HSA Provisions in Failed GOP Bills Could Return in Future Legislation. Should They?

Health savings account advocates support higher contribution limits and eased restrictions

Stephen Miller, CEBS By Stephen Miller, CEBS July 20, 2017
HSA Provisions in Failed GOP Bills Could Return in Future Legislation. Should They?

Even with no replacement measure for the Affordable Care Act (ACA) on the congressional horizon, the health savings account (HSA) reforms in the now-abandoned Senate and House health care bills may yet be voted on by Congress, said Chatrane Birbal, senior advisor for government relations at the Society for Human Resource Management (SHRM).

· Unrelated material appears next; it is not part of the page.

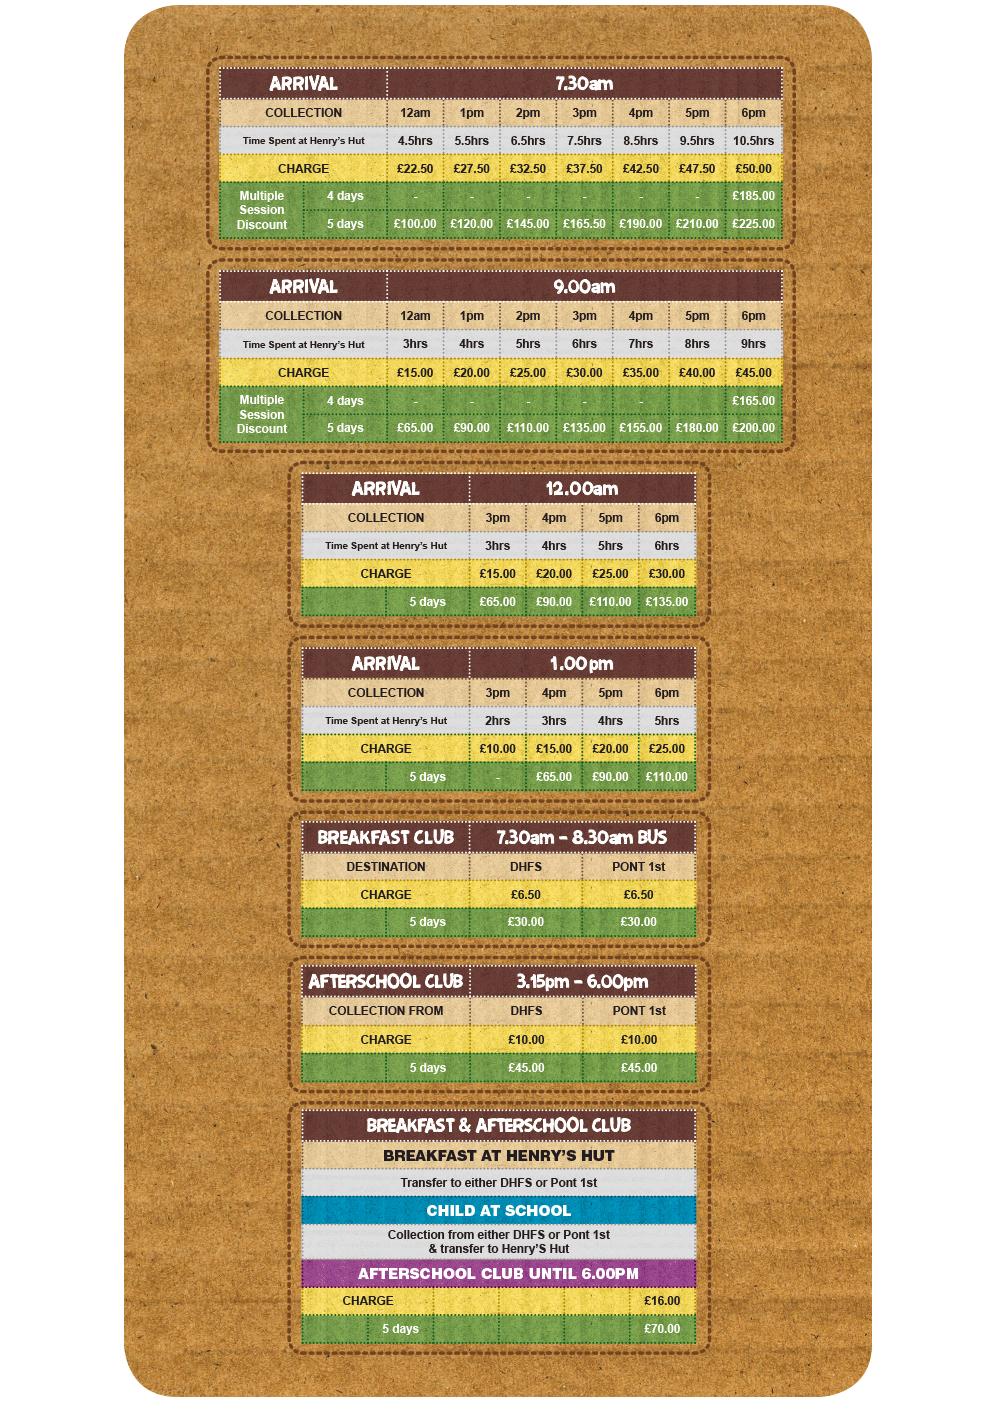 HH-session_times-11-10-18v2

"HSA stand-alone legislation will likely be introduced with additional modifications to the ACA," she said.

On July 18, Senate Majority Leader Mitch McConnell announced that "Regretfully, it is now apparent that the effort to repeal and immediately replace the [ACA] will not be successful," leaving in place the ACA's employer coverage and reporting obligations.

The GOP House and Senate measures to repeal and replace the ACA contained provisions to expand the use of HSAs. Given the lack of Senate votes to move the measure forward, attention is focusing on resurrecting the HSA-related reforms in separate legislation.

HSA Reforms Still Viable

Republicans had put provisions into their proposed ACA repeal bills to raise contribution levels and ease restrictions on HSA use, as noted below.

Higher HSAs contributions.
Currently, HSA contributions limits for 2018 are set to be $3,450 for self-only coverage and $6,900 for family coverage, plus a $1,000 catch-up contribution for those ages 55 and older. Only the account holder may make a catch-up contribution. Republicans had proposed:

  • Nearly doubling the annual HSA contribution limits to equal the out-of-pocket maximums that apply to high-deductible health plans (for 2018: $6,650 for self-only coverage and $13,300 for family coverage), plus the $1,000 catch-up contribution for those ages 55 and older.

  • Allowing spouses ages 55 and older to make catch-up contributions to the same HSA.

Eased HSA restrictions.
 Under the ACA, the tax on HSA distributions for nonmedical expenses is 20 percent. HSA funds may not be used for over-the-counter medical items without a prescription, and HSAs may not reimburse for expenses incurred before the account is established. Republicans had proposed:

  • Lowering the tax on HSA distributions for nonmedical expenses to 10 percent, its pre-ACA level.

  • Allowing HSA funds to be used for over-the-counter medical items.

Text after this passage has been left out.